• _TASK OBJECTIVE_: Exact copies of all the lines below are required, with the pictures omitted.

• _INFORMATION SUPPLIED_:

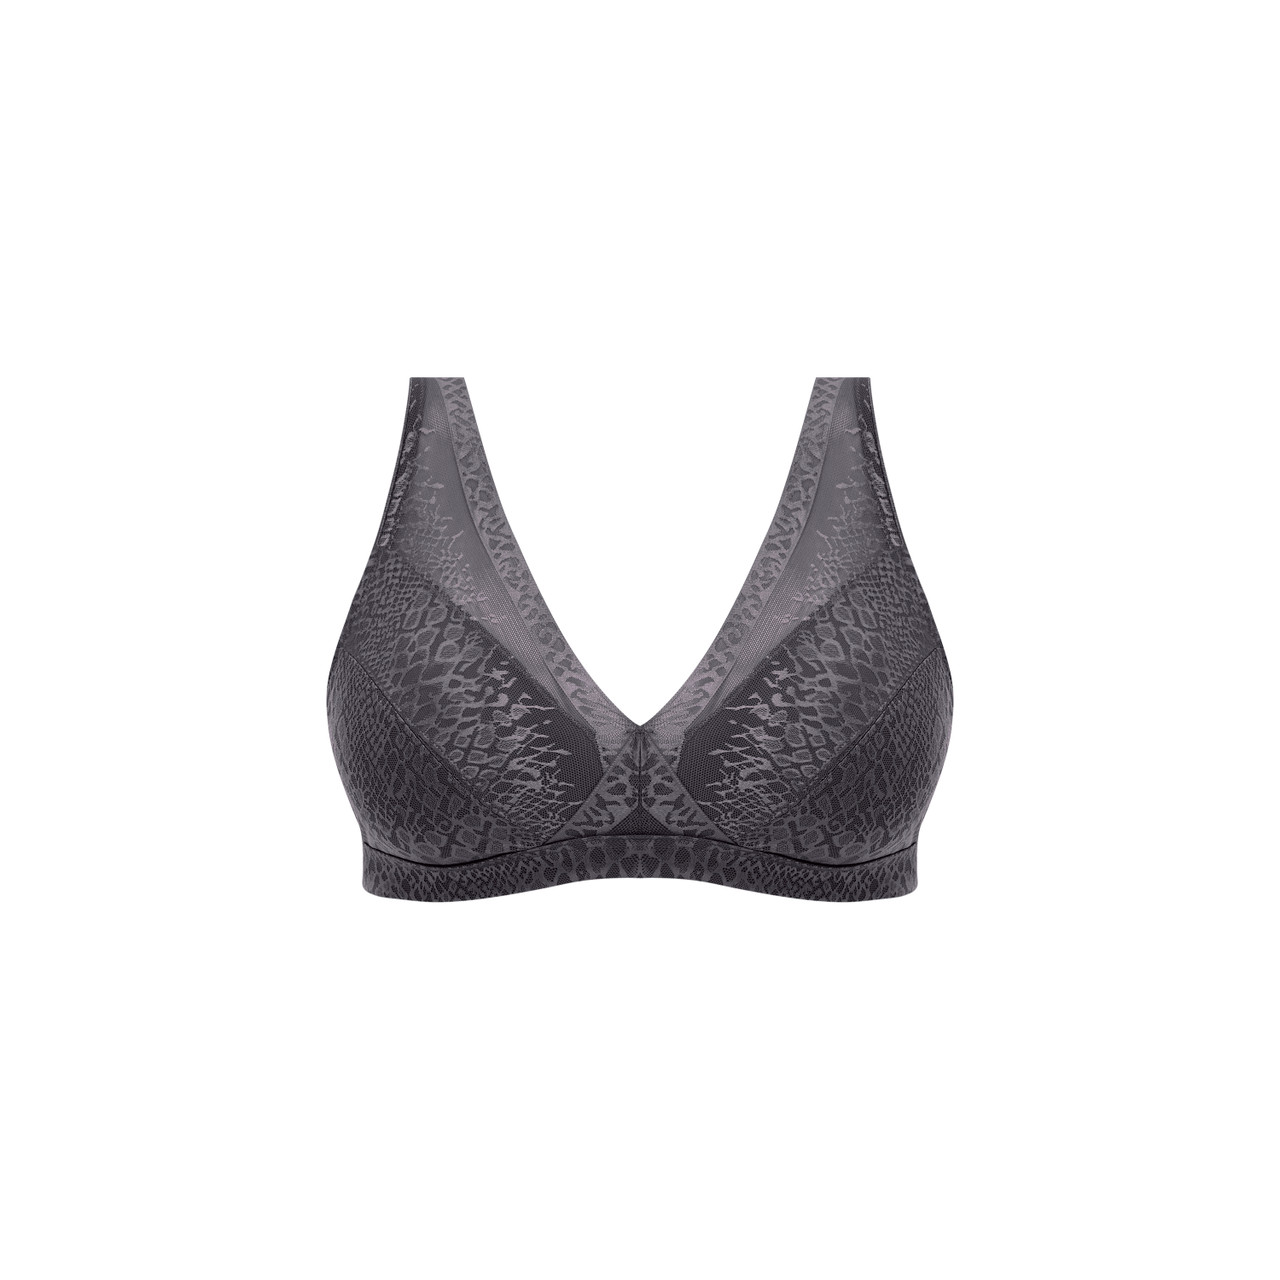 Fabstieve Black Stretchable Non-Padded Bra
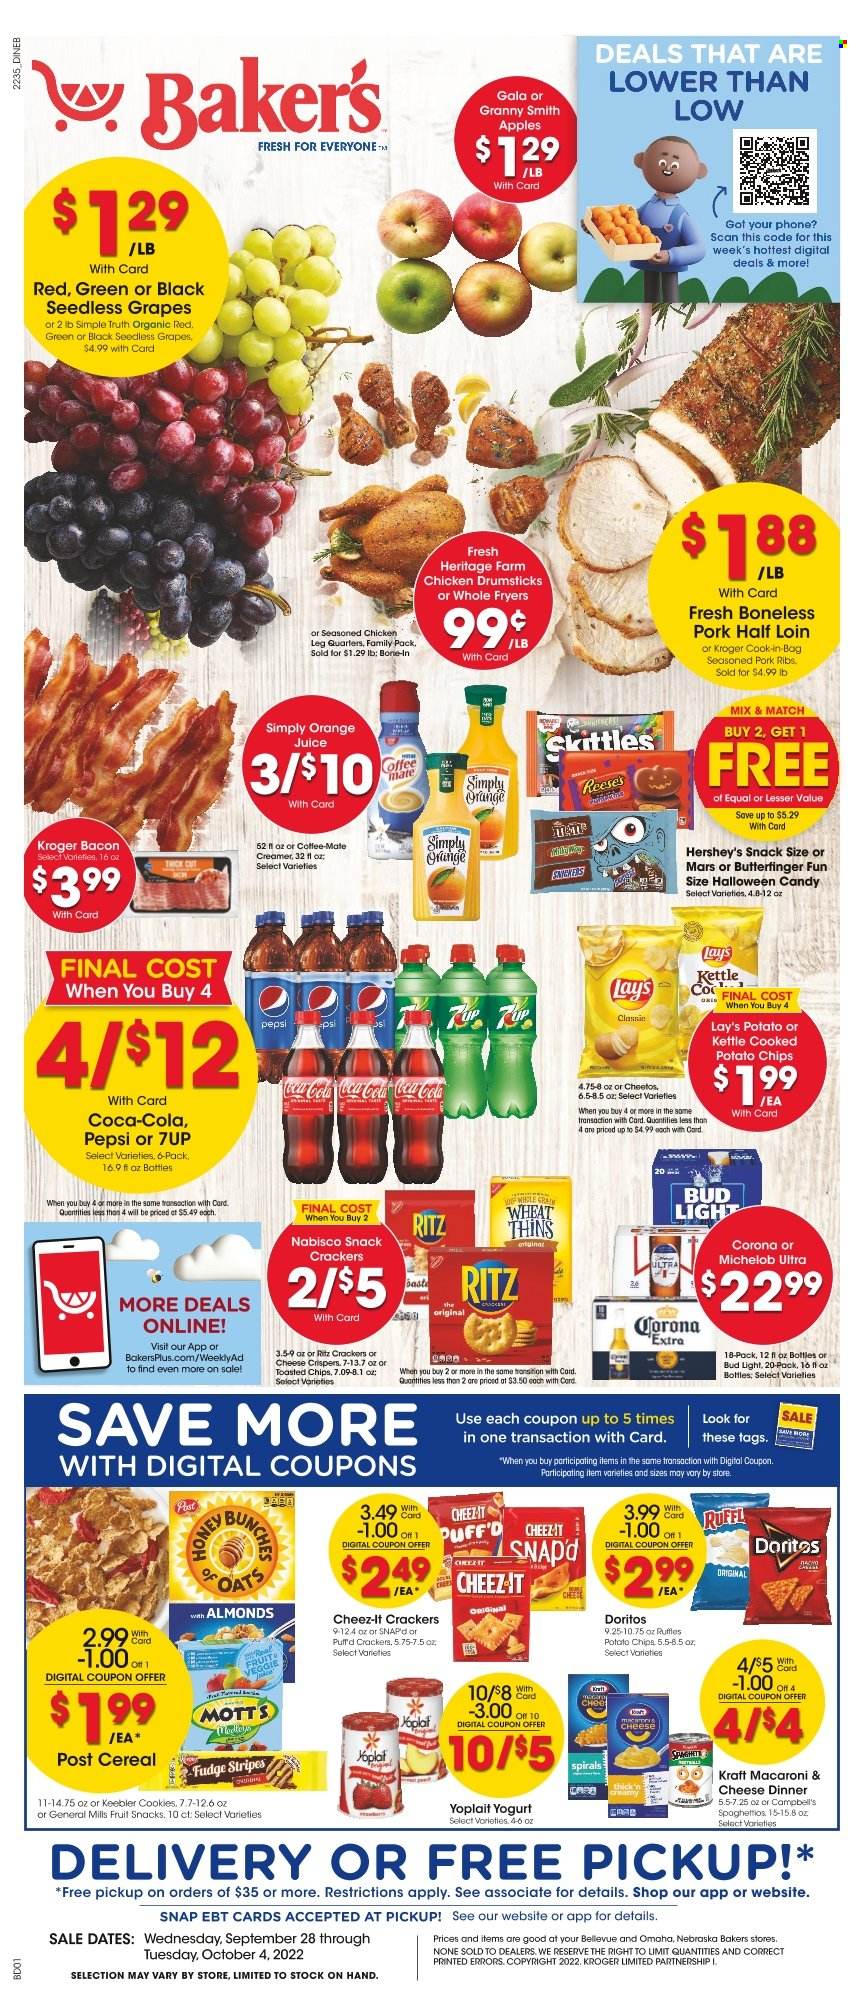 thumbnail - Baker's Flyer - 09/28/2022 - 10/04/2022 - Sales products - apples, Gala, grapes, seedless grapes, Granny Smith, Mott's, Campbell's, macaroni & cheese, Kraft®, bacon, yoghurt, Yoplait, Coffee-Mate, creamer, Reese's, Hershey's, cookies, fudge, Mars, crackers, Skittles, fruit snack, Keebler, RITZ, Doritos, potato chips, Cheetos, chips, Lay’s, Thins, Cheez-It, Ruffles, oats, cereals, honey, Coca-Cola, Pepsi, orange juice, juice, 7UP, beer, Bud Light, Corona Extra, chicken legs, chicken drumsticks, pork meat, pork ribs, Bakers, Halloween, Michelob. Page 1.
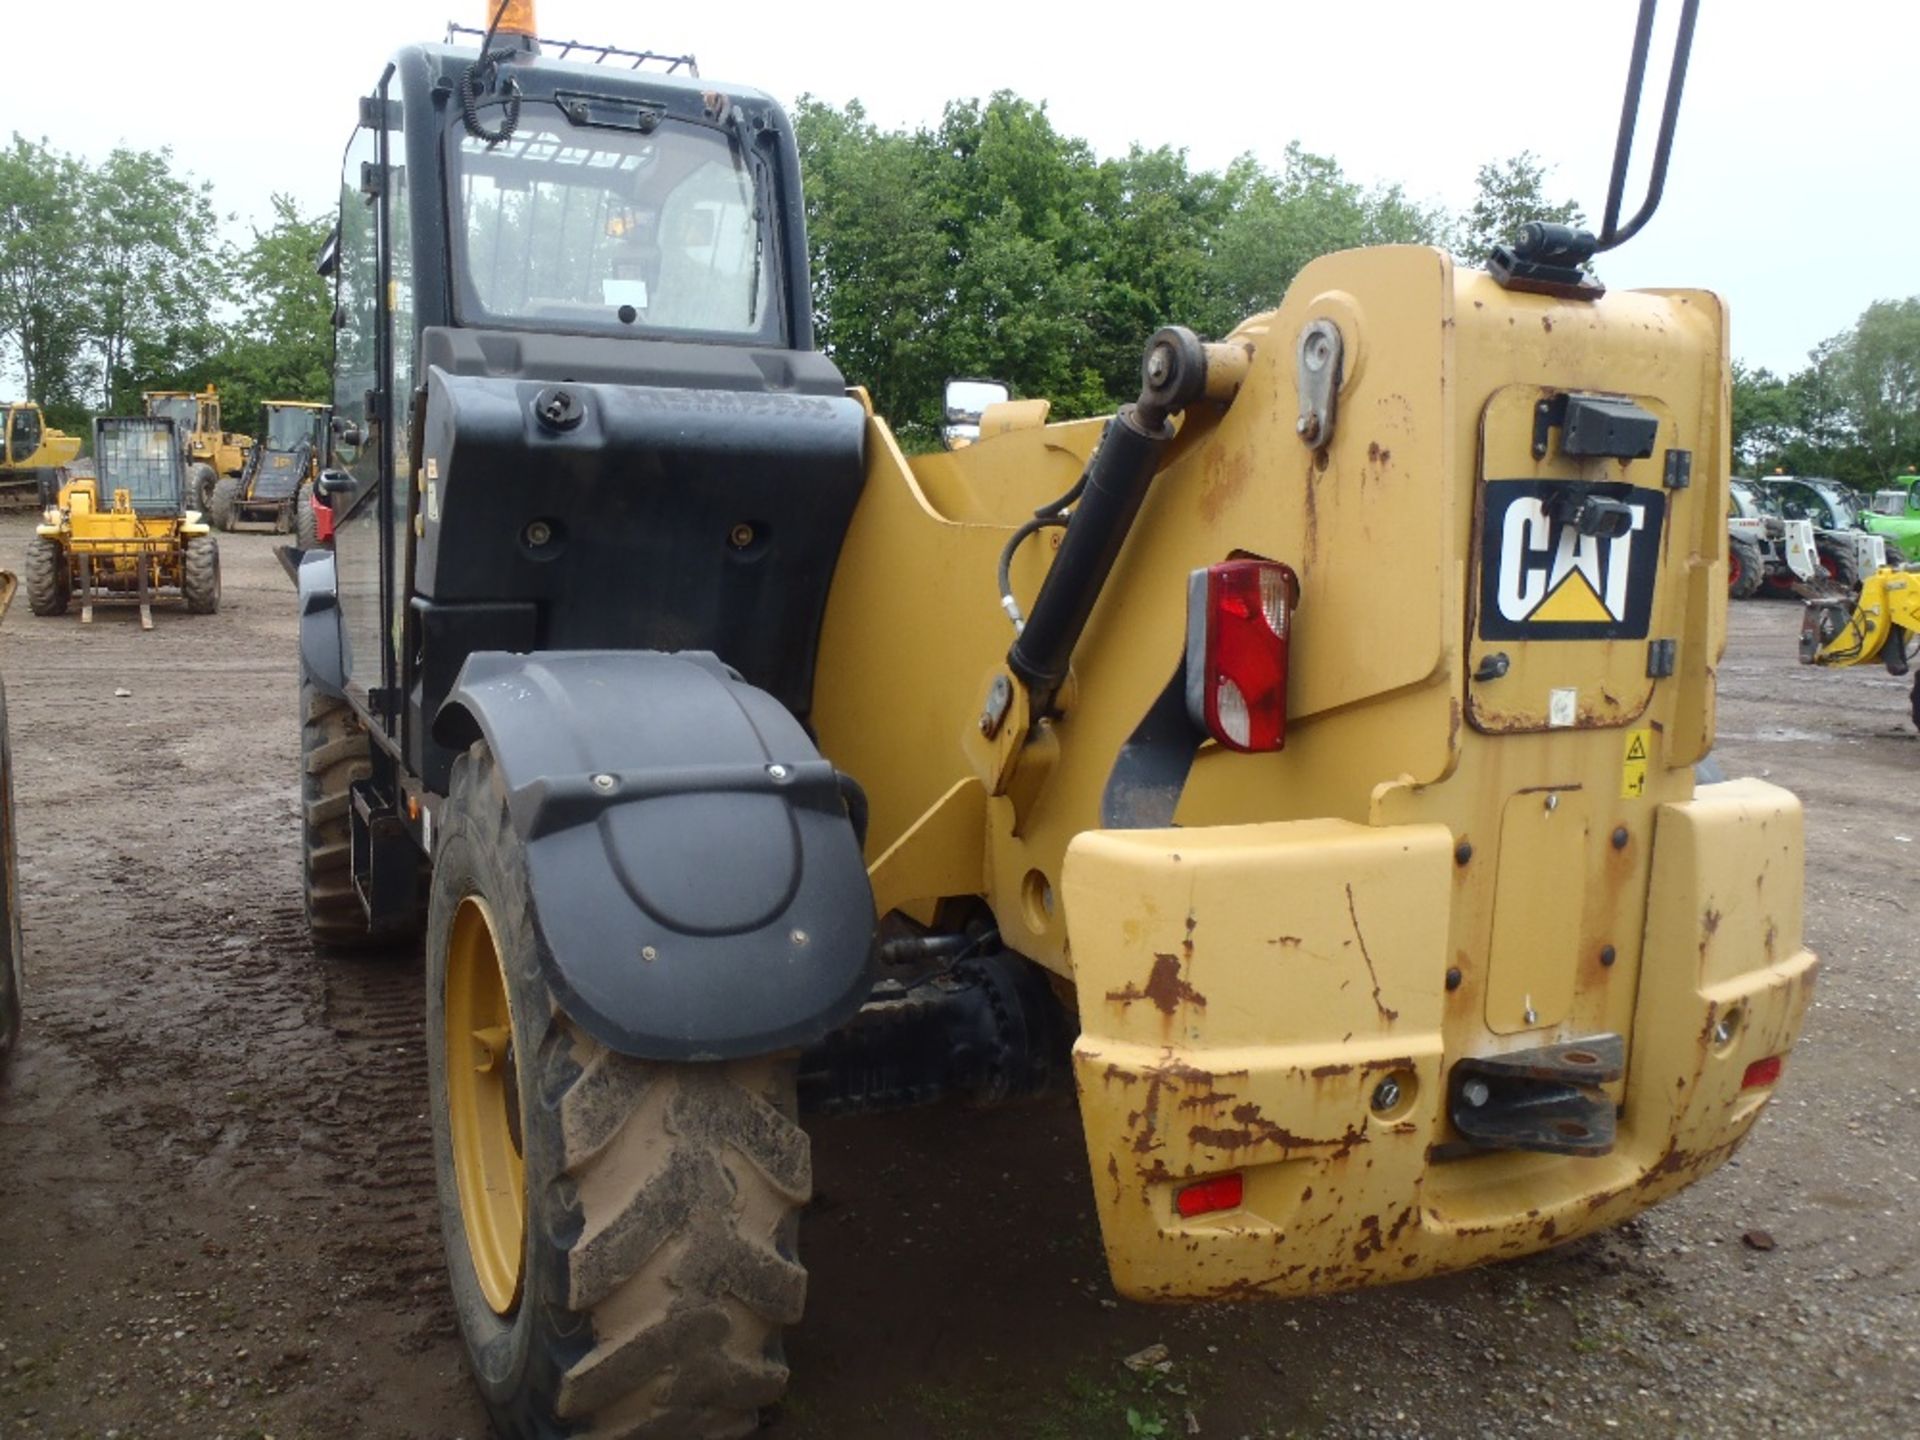 Caterpillar TH414 14m Telehandler. New set switches in office Ser. No. YC5000000TBZ00120 - Image 4 of 5

• _WRITTEN RESPONSE_:
 Fabstieve Black Stretchable Non-Padded Bra
 thumbnail - Baker's Flyer - 09/28/2022 - 10/04/2022 - Sales products - apples, Gala, grapes, seedless grapes, Granny Smith, Mott's, Campbell's, macaroni & cheese, Kraft®, bacon, yoghurt, Yoplait, Coffee-Mate, creamer, Reese's, Hershey's, cookies, fudge, Mars, crackers, Skittles, fruit snack, Keebler, RITZ, Doritos, potato chips, Cheetos, chips, Lay’s, Thins, Cheez-It, Ruffles, oats, cereals, honey, Coca-Cola, Pepsi, orange juice, juice, 7UP, beer, Bud Light, Corona Extra, chicken legs, chicken drumsticks, pork meat, pork ribs, Bakers, Halloween, Michelob. Page 1.
 Caterpillar TH414 14m Telehandler. New set switches in office Ser. No. YC5000000TBZ00120 - Image 4 of 5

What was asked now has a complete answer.